━━━━━ MATERIAL FOR THE TASK ━━━━━
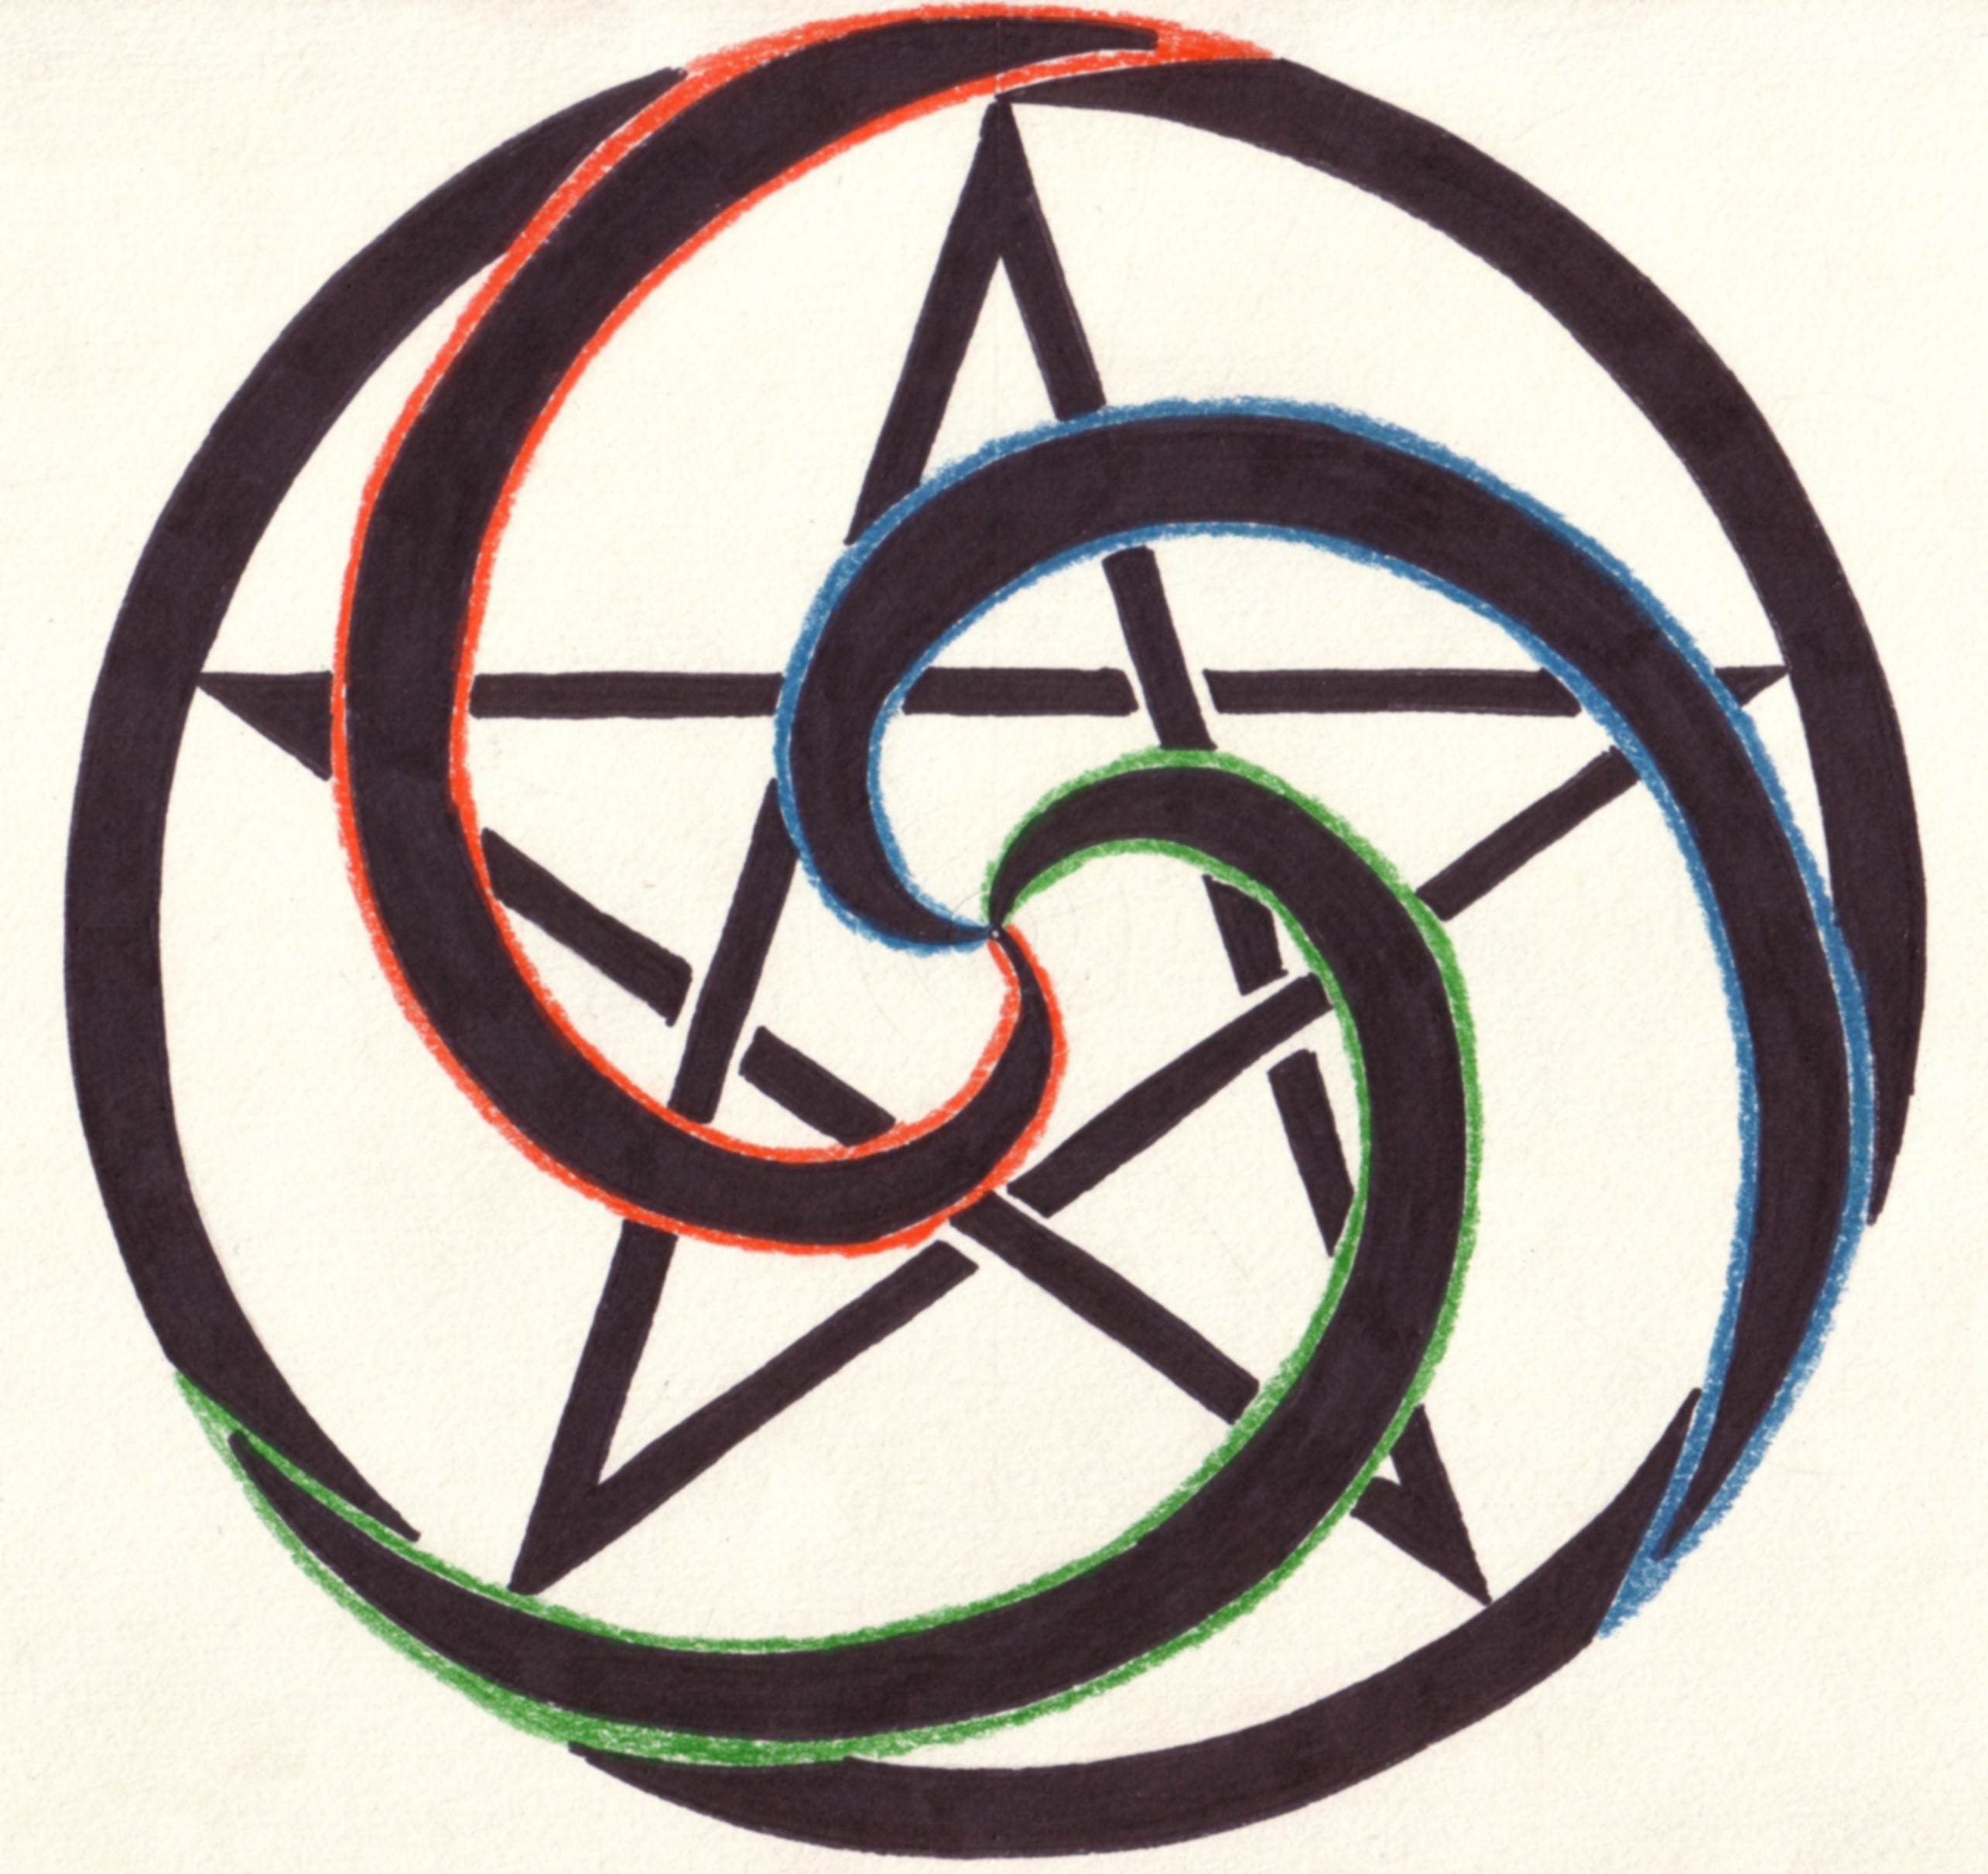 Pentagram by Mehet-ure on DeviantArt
━━━━━
━━━━━ MATERIAL FOR THE TASK ━━━━━
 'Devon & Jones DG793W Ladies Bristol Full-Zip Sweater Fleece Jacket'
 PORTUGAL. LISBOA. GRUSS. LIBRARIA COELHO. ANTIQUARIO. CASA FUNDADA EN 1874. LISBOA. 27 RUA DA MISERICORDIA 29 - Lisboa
━━━━━
TASK DETAILS » All lines above between those holding "Sweater Fleece Jacket'" and "PORTUGAL. LISBOA. GRUSS.", inclusive, must be set down unchanged, and no other line may be included.

REPLY TO THE TASK »
 'Devon & Jones DG793W Ladies Bristol Full-Zip Sweater Fleece Jacket'
 PORTUGAL. LISBOA. GRUSS. LIBRARIA COELHO. ANTIQUARIO. CASA FUNDADA EN 1874. LISBOA. 27 RUA DA MISERICORDIA 29 - Lisboa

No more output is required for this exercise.